Отца давно нет, но приезжает вдруг дядя Вася и говорит: «Таисья пропала». Таисья – его жена. Стало быть, тетя Тая. Сколько-то времени уходит у меня на то, чтобы постигнуть суть происшедшего, – не видел я дядю Васю много лет, не видел, не слышал, и вдруг… Да и почему ко мне? У него сын есть, внуки… Насчет сына выяснилось быстро – в командировке, а со снохой дядя Вася «раздрызгался». Что же до всего прочего – обнаружилась полная неразбериха: дядя Вася сумбурно и путано громоздил одну на другую какие-то истории, так что мне пришлось совершенно в духе криминалистических изысканий докапываться до первопричины, чтобы затем, отталкиваясь от нее, расположить события в разумной последовательности.
Начать, вероятно, следовало бы с того, что дядя Вася, сколько он был мне известен, «не любил» выпить. Впрочем, это – общее для всех дядей Васей свойство, а уж отчего так – судить не берусь.
В пору моего детства, когда принято было каждое воскресенье либо принимать гостей, либо отправляться в гости, когда каждый праздничный день заканчивался дружным, хотя и не вполне стройным пением «камыша» и «рябины», дядя Вася частенько бывал у нас, да и мы наезживали к нему в Перерву. Теперь это Москва, а тогда – полвека назад – там еще водились рябчики, тетерева, да и зайчишки иногда попадались, так что к приезду нашему дядя Вася неуклонно добывал дичь. Работал он инженером на легендарной станции аэрации – ее знает всякий москвич, не имеет права не знать: отец мой, выбрасывая в унитаз окурки, привычно напутствовал их: «К дяде Васе»…
Тетя Тая принадлежала к известной фамилии: батюшка ее и дед в свои времена достойно поусердствовали на ниве отечественной живописи. Унаследовав от предков доброе предрасположение, она вела теоретический курс в художественном училище, при этом еще немножко «красила» и сама. Какой-либо оценки ее творениям – даже самой неграмотной – я дать не могу, так как видел их только в детстве и плохо помню. Сдается, правда, что работы ее были безусловно реалистичны. Однажды я сам наблюдал, как в писанные ее рукой гладиолусы бился шмель. В другой раз дяди-Васин гончак впрыгнул всеми четырьмя лапами в траву, изображенную на пейзаже, – пейзаж этот, подготовленный к выставке, был вынесен из дома и дожидался погрузки в автомобиль. Но, несомненно, лучшим подтверждением реалистичности ее холстов являлся случай, о котором любил рассказывать мой отец. Будто бы дядя Вася, вернувшись как-то с очередного ристалища, очень долго оправдывался: мол, не пил и не думал, да и вообще ни в одном глазу, ну, может, только так – кружечку пива, ну что ты молчишь, скажи хоть что-нибудь, – пока наконец не обнаружил, что беседует с автопортретом жены.

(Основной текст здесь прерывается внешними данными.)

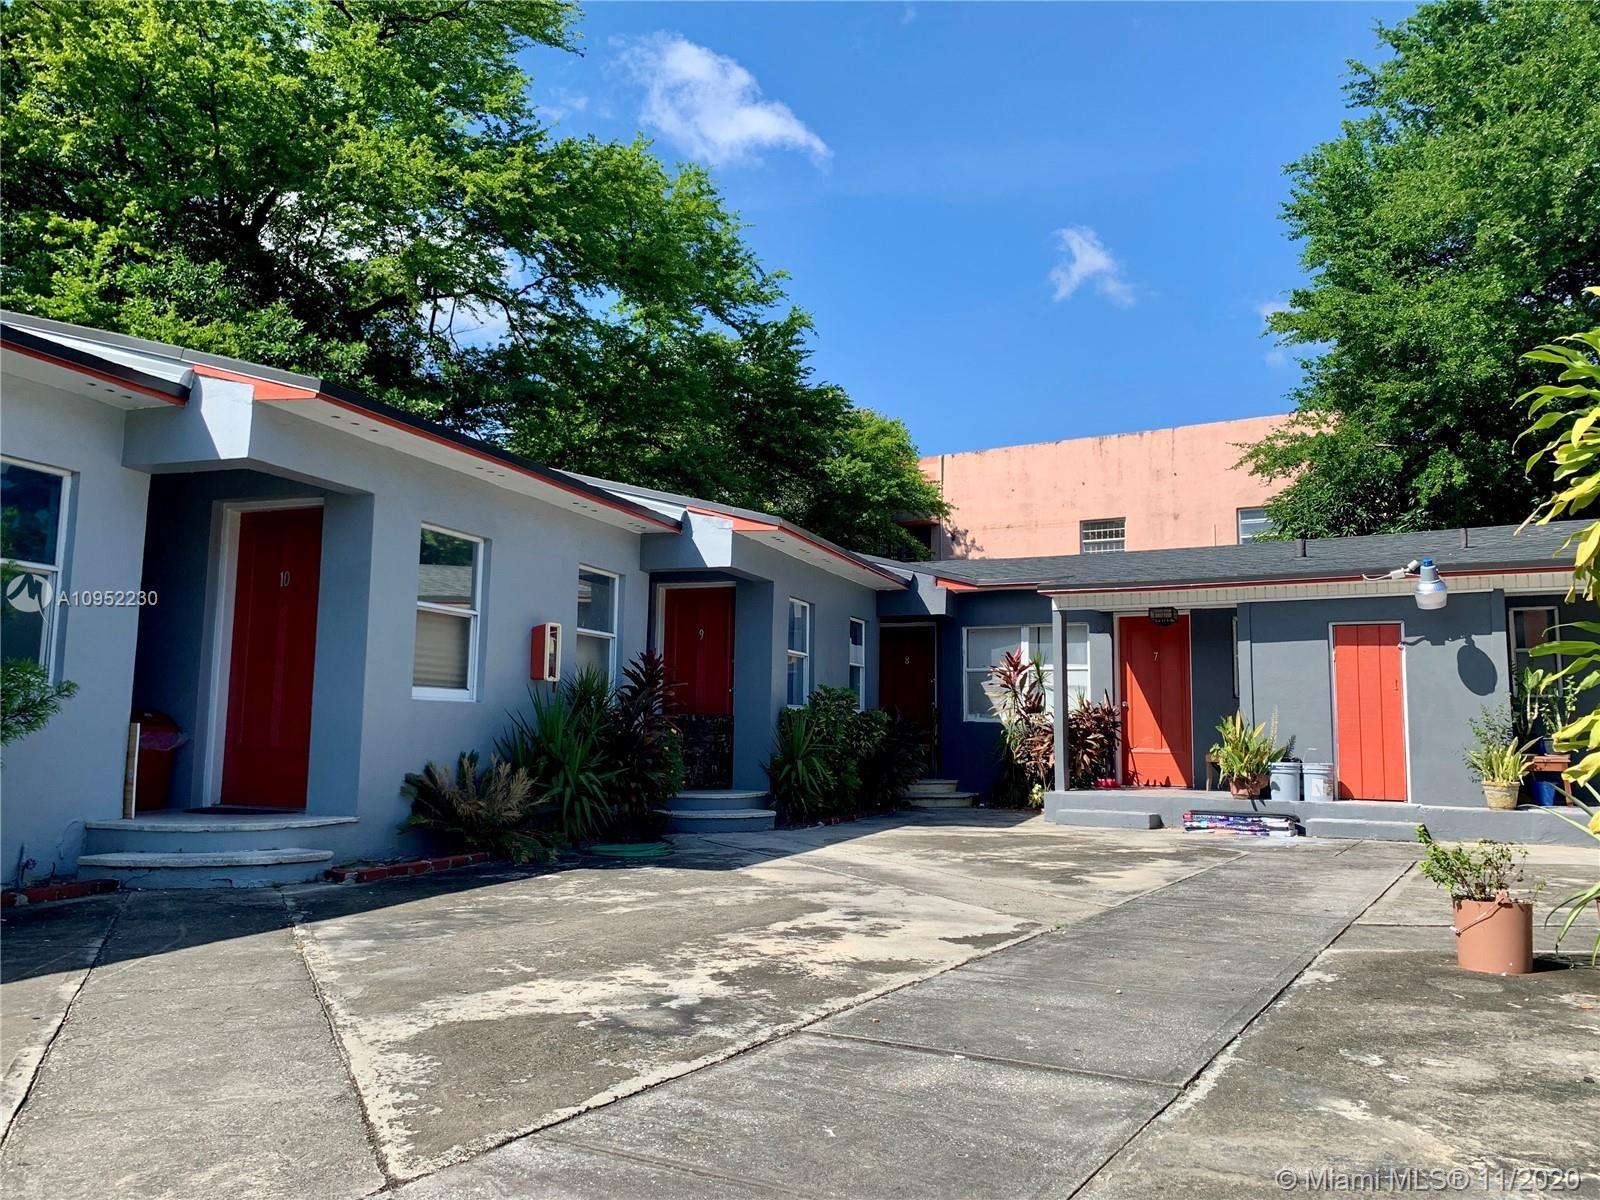 675 SW 6th St, Miami, FL 33130
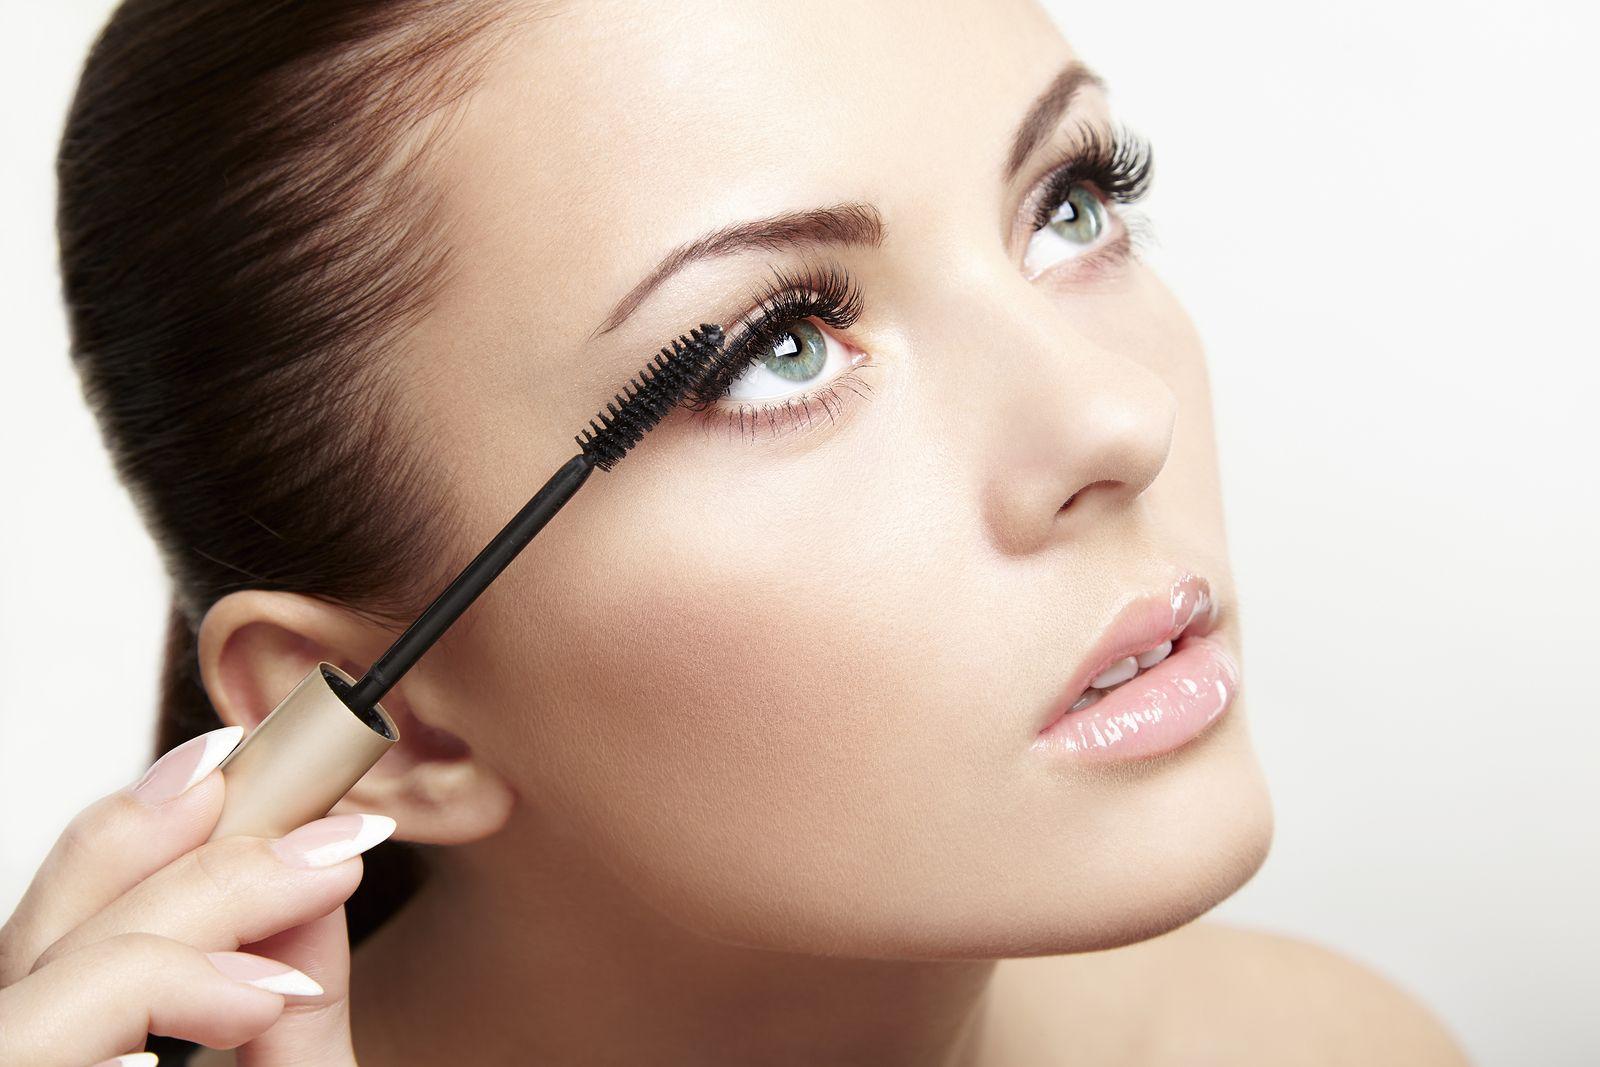 trang điểm với mascara

Тетя Тая была женщиной тихой, неразговорчивой и, как понял я с течением времени, довольно замкнутой.
Единственного сына их, а он был старше меня лет, наверное, на семь, я тоже не видывал с детства. Помню, как он, выучившись для необъяснимой надобности играть на самой большой трубе, демонстрировал мне свое умение: разложил ноты, два раза дунул, перевернул страницу, дунул вновь, теперь уже один раз, после чего вытер лоб и внушительно объявил: «Варяг». Тем же манером он исполнил еще несколько заветных вещей. Окончив школу и училище, стал офицером, служил все где-то далеко и лишь выйдя в запас вернулся в Москву. Тут-то и произошел «раздрызг» со снохой – насколько мне удалось понять, причиной тому послужила неуемная захватническая страсть этой женщины: проще говоря, она попыталась выжить стариков из квартиры.
Это все – предыстория. А история того события, которое привело дядю Васю ко мне, начиналась с позднейших времен. Постигая ее, я между тем названивал в милицию, морги, но безрезультатно.
…Выйдя на пенсию, дядя Вася решительно заскучал: прежде, бывало, он с приятелями чуть не каждый рабочий день завершал в шашлычной, а тут вдруг мир ограничился стенами квартиры, для «выходов» же остались одни юбилеи да поминки. Он уж и выпивать почти перестал – здоровье не позволяло, но по гостям хаживал, случая упустить никак не мог. Хаживал пообщаться, разговоры послушать, любил, чтобы послушали и его. Дяди-Васины рассказы я помнил с детства.
Про то, как ехали на аэродром, – в Боровичи кажется. Опаздывали, а машина то и дело ломалась. В конце концов не поспели – «Дуглас» взлетел у них на глазах. Дядя Вася набросился на шофера, дело дошло чуть ли не до расстегивания кобуры, но в это время раздался взрыв – самолет упал. Шоферу потом, винясь, флягу спирта отдали. «Полнехонькую», – подчеркивал дядя Вася.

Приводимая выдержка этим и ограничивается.